The systematic literature review has revealed that the identified digital intervention methods affect lifestyle behavior outcomes, focusing on PA, diet, habit, and associated primary and secondary health outcomes, such as fitness, motivation, reduced sedentary bouts, weight augmentation or weight status, blood pressure, glycemic responses, lipid profile, and quality of life in different study groups, as explained in the next section. Effectiveness (n=55), conceptualization (n=24), selection of appropriate methodology (n=25), effective and technological engagement (n=24), selection of strategies or techniques (n=20), motivation (n=15), feedback generation (n=15), environment (n=10), satisfaction (n=6), credibility (n=6), digital literacy (n=6), self-determination (n=5), and user-centric design (n=4) were responsible for the successful implementation of digital interventions for healthy lifestyle management. Here, n signifies the total number of overlapped studies in which the respective parameters are identified. Digital interventions [84,106,124] focused on mobile phone apps may be an acceptable and efficient way of encouraging weight loss in people who are overweight or obese.

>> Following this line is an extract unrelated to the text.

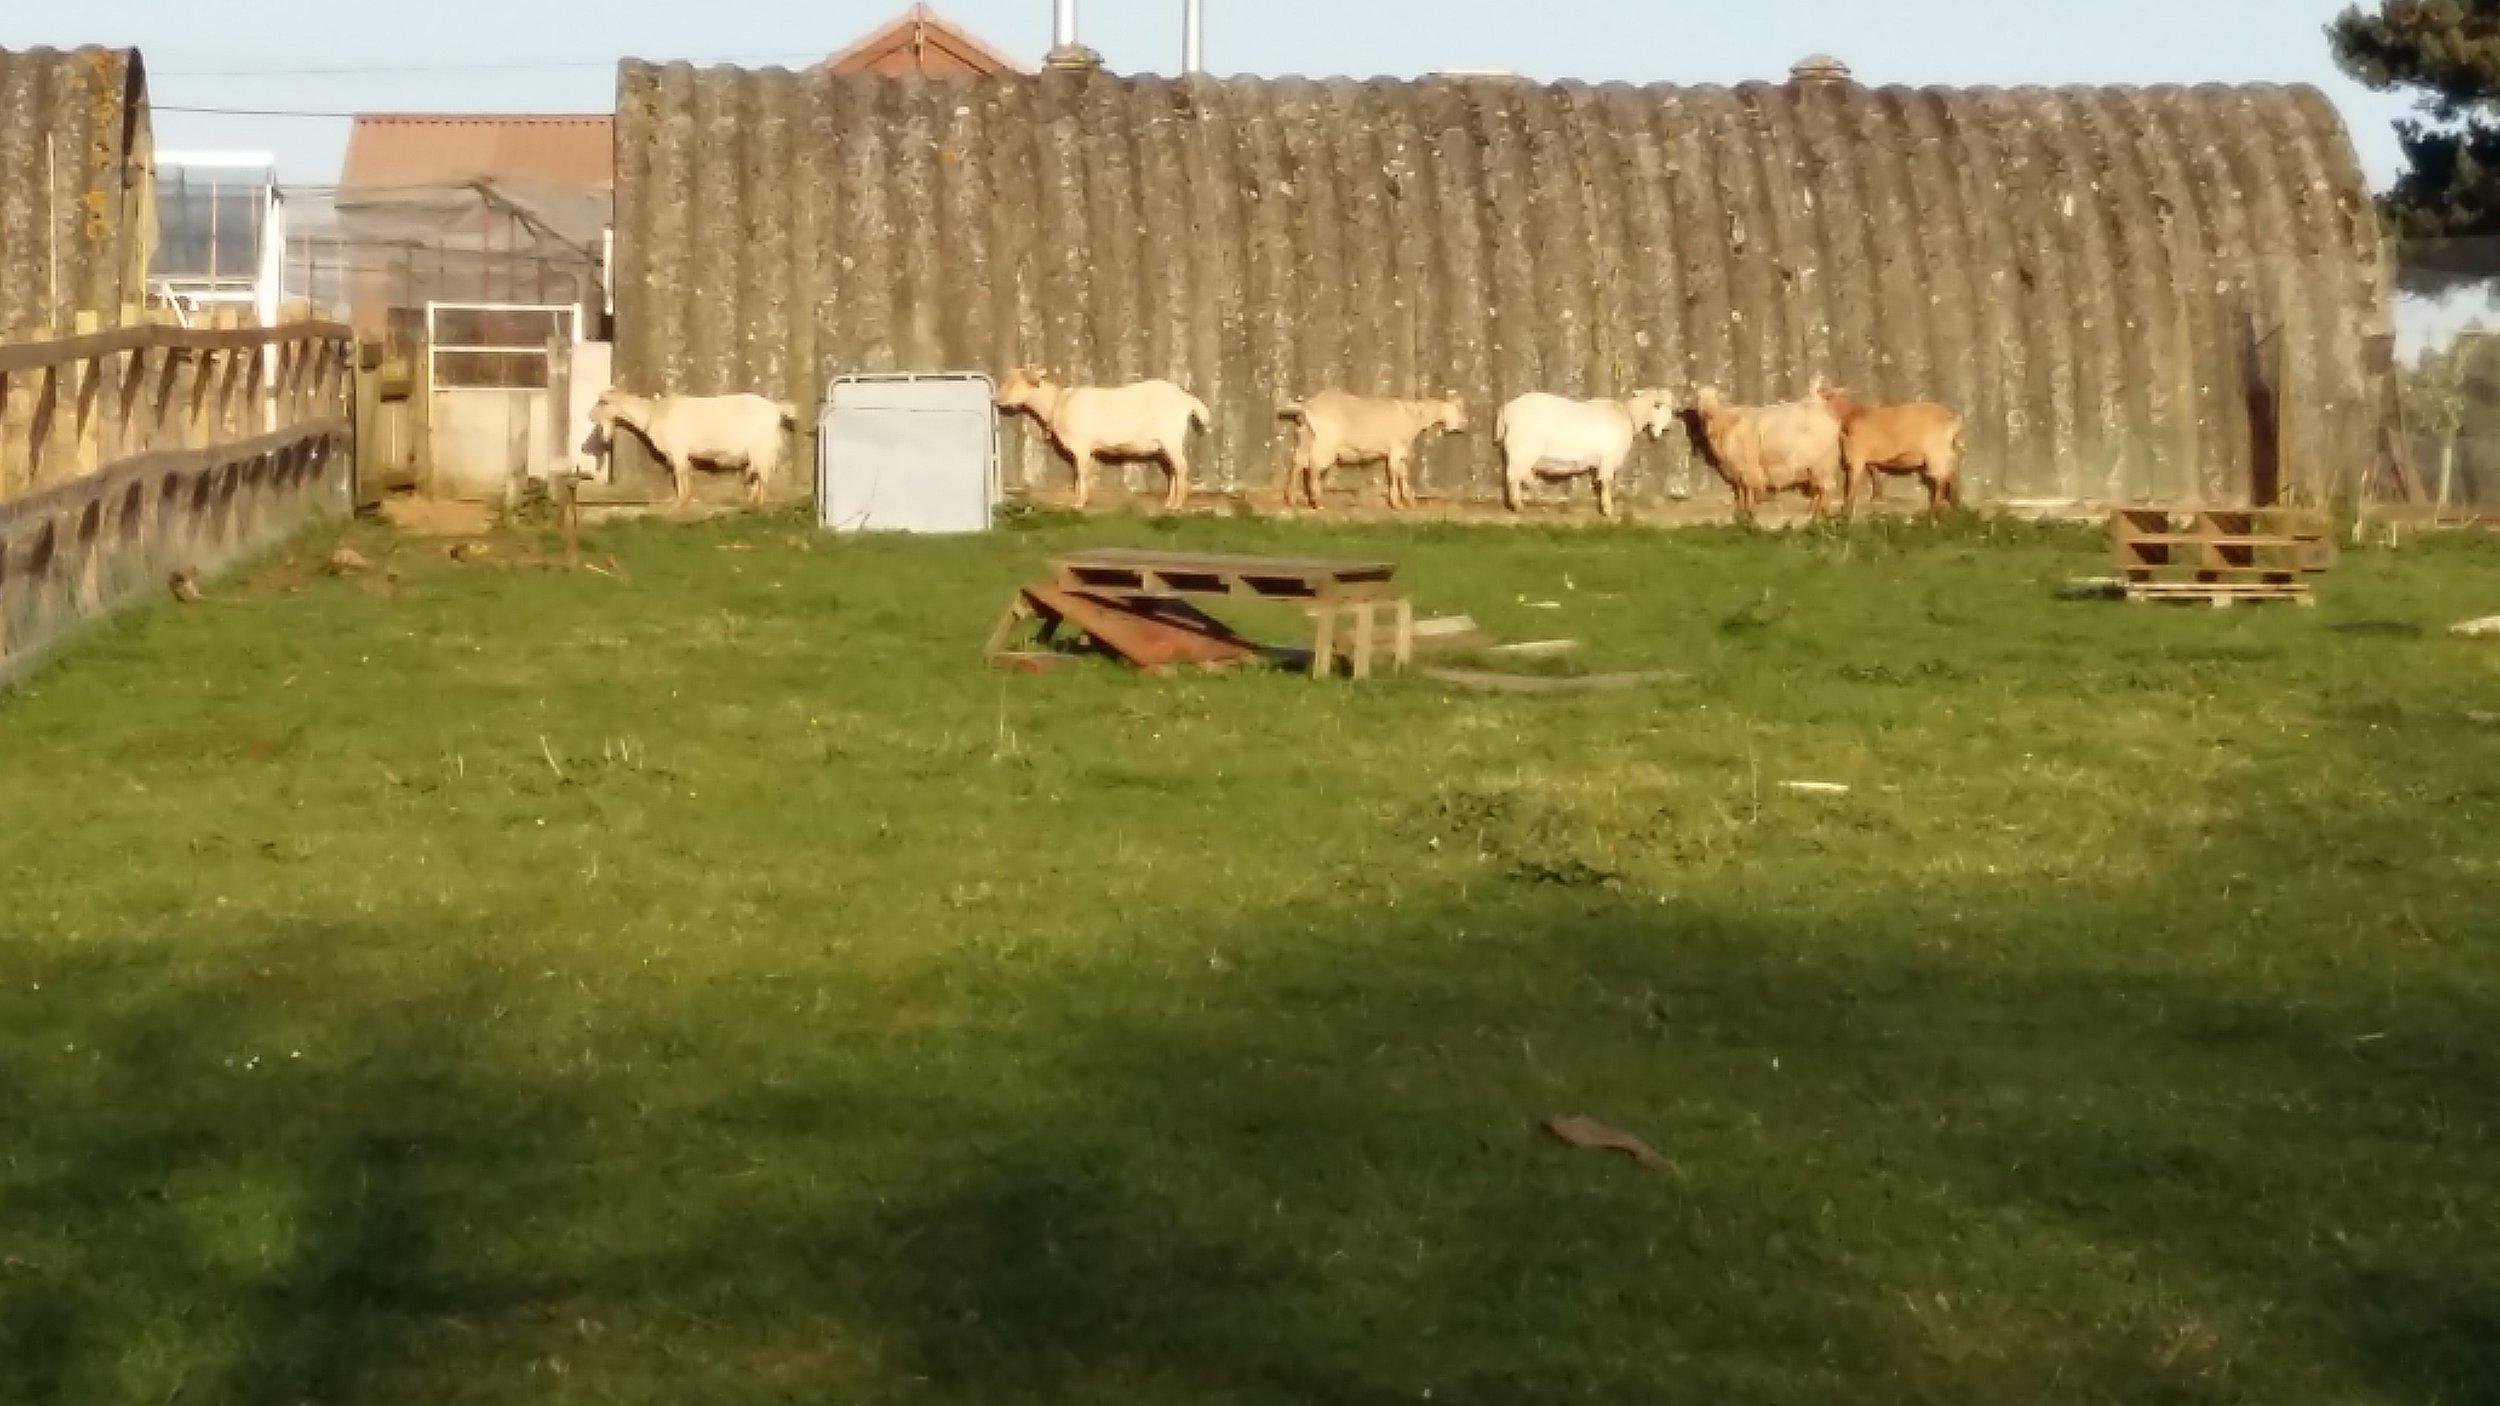 Goats And Nissen Hut

Digital health coaching can be a revolutionary approach to reduce barriers to access to much-needed weight loss therapies for obesity, given the ubiquity of mobile phones.

Strength and Limitation

A systematic literature review revealed that a healthy diet, healthy habits, and regular PA are powerful tools for reducing obesity and associated health risks. These findings bolster the use of digital interventions as a preventive option for obesity and overweight. Therefore, behavior change should be given the highest preference to avoid severe health damage. Planned digital interventions may potentially change growing negative behavior in humans with the adoption of persuasion, observation, goal evaluation, evidence-based personalized recommendation generation, health risk predictions (decision-making), automation, motivation, pragmatism, and trust. Developing and maintaining an empathetic relationship is perhaps the most critical determinant of successful digital intervention [106,124]. It is essential to know the participant first, and the interaction aspects are challenging owing to the delay in reaction time (both ways). Health care professionals need to ensure both relationship communication and goal-oriented coaching when using such digital intervention solutions. In the future, the quality of the interaction between the system and the participant will require attention if participants are to fully benefit from collaboration in digital intervention programs.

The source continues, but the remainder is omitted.